By Keeley Blackburn
2nd Mar 2017
Pricing on the current Office Furniture framework agreement has been held since the agreement began in January 2015 however, since the January review meetings the furniture suppliers have been seeking pricing increases in light of the volatile exchange rates since the EU referendum result. Below is detail of approved price increases from EFG, Senator and Broadstock; all of which are supported by evidence justifying the proposed increases.
NWUPC have agreed a 5% increase on RRPs with EFG effective from 1st March. EFG initially requested an increase across the board based on the devaluation of the pound against major currencies including the Euro, US Dollar and Swedish Krone. They have now decided to absorb the increasing costs for core basket products but will be implementing a 5% increase across non-core products. The price increase stems from increases from within their supply chain well in excess of 5% which are driven by increases in the cost of raw materials. They have been able to absorb some increases through improved logistical efficiencies and through purchasing in Sterling from their Swedish parent company. However, 60% of their output is bought from UK manufacturers and they have seen sweeping price increases from all. Given that their necessity for price increases is driven by a post Brexit currency slide, EFG have indicated that they are open to subsequent price reductions were Sterling to recover sufficiently.

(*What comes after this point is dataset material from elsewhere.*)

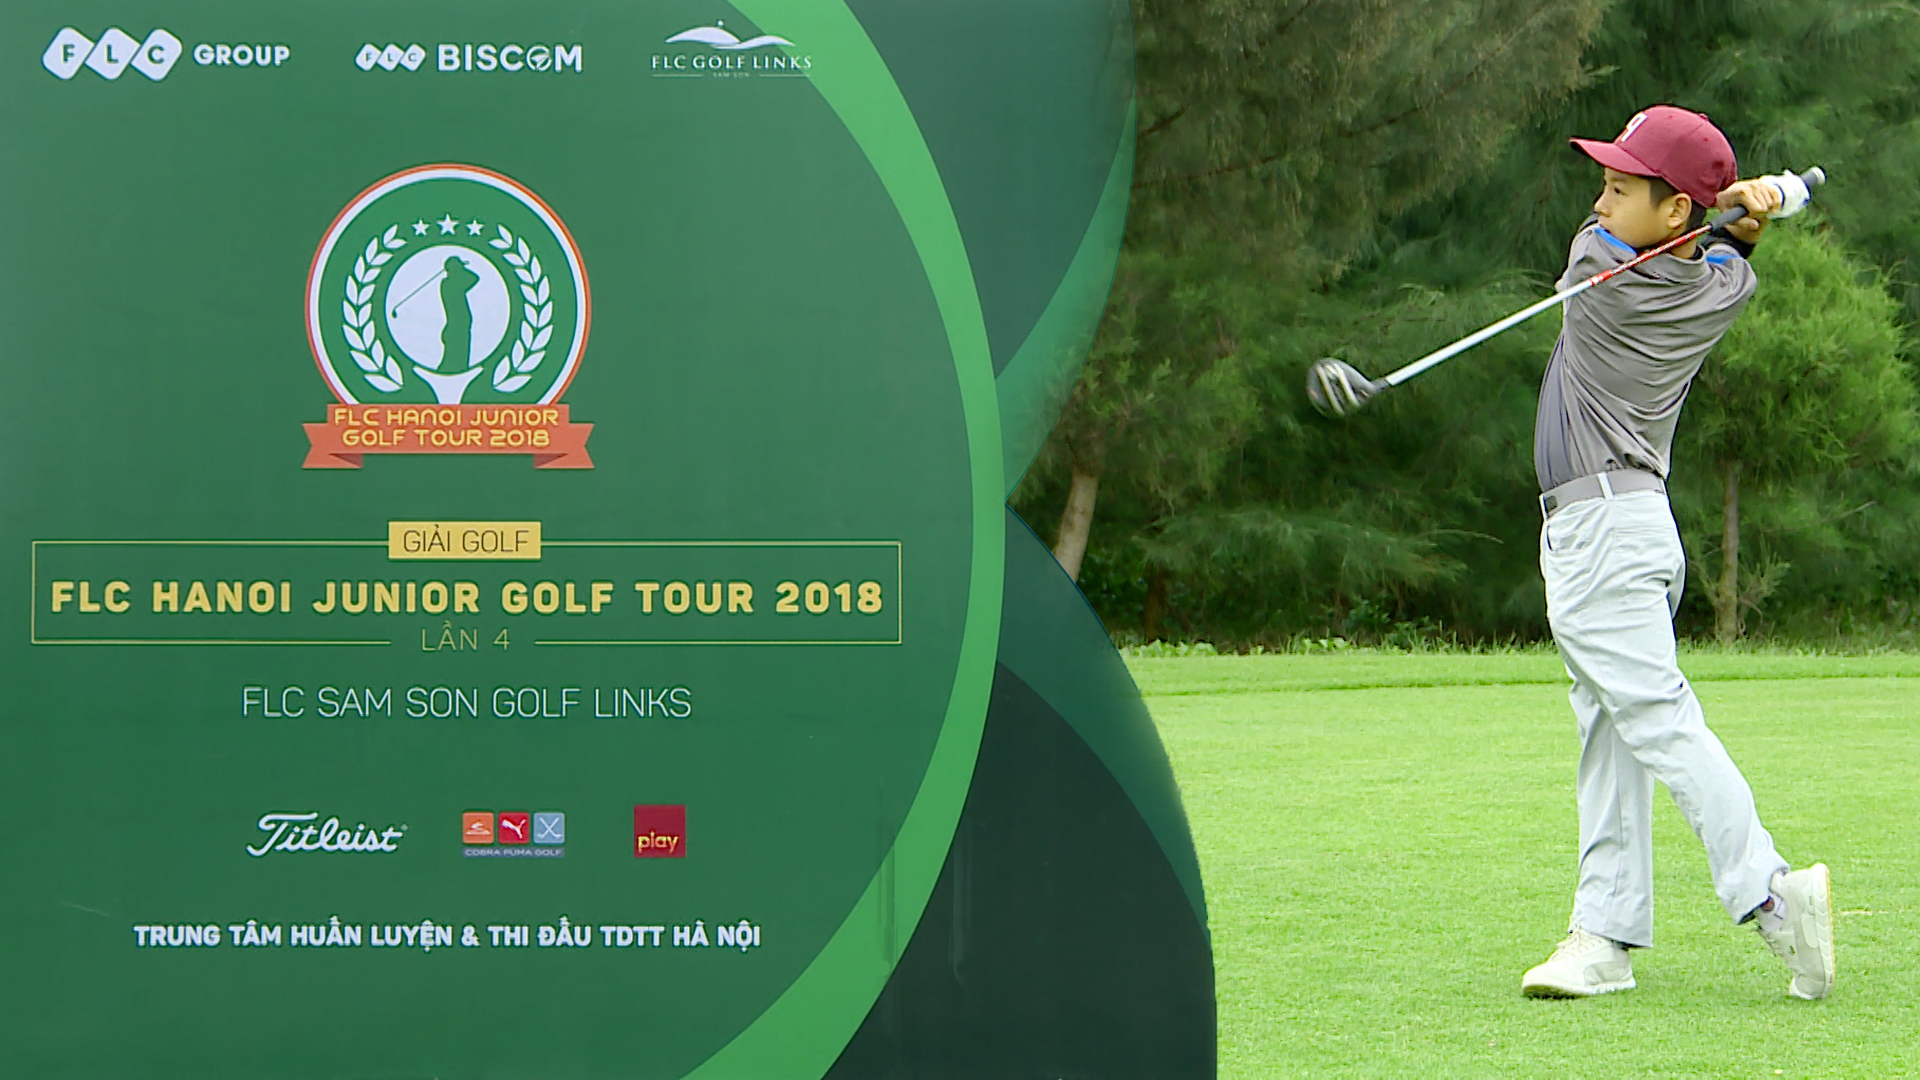 Toàn cảnh giải FLC Hanoi Junior Golf Tour 2018 - Lần 4

The furniture contract will continue to be monitored in line with Foreign Currency Exchange rates.
NWUPC have agreed a 4.75% increase in RRPs with Senator for non-core products, effective from 1st March. Pricing for the core basket of goods shall remain the same. The increase is a response to price increases from their supply chain, dating back to June, which has seen increases in some areas well in excess of 10%. Though the increase has largely been triggered by the post Brexit currency slide there are additional industry factors which have put pressure on bought in costs including raw materials shortages, rising energy prices, import tariffs and rising labour costs abroad. Senator have absorbed some rises and have sought to mitigate others through forward buying (though this is restricted by space constraints); using alternative suppliers (although this is an uncompetitive option); or agreeing fixed prices (though there is little commitment beyond 6 months).
NWUPC have agreed a 3% increase in RRPs with Broadstock for non-core products, effective from 1st March. Pricing for the core basket of goods shall remain the same. Again, the increase stems from price adjustments within both their component supply chain and from finished goods supply partners, which have largely taken effect since January, triggered by the post Brexit currency slide. Given that the necessity for the increases has emerged from significant rises within their supply chains, largely emanating from currency fluctuations, the Consortium will continue to monitor foreign currency exchange rates and have emphasised, in accepting these price increases, that any subsequent reductions the suppliers receive will be passed on to member institutions. This will be monitored in line with exchange rates.
NWUPC are currently reviewing proposed price increases. These will be communicated to members when agreed.
No pricing increases have been requested.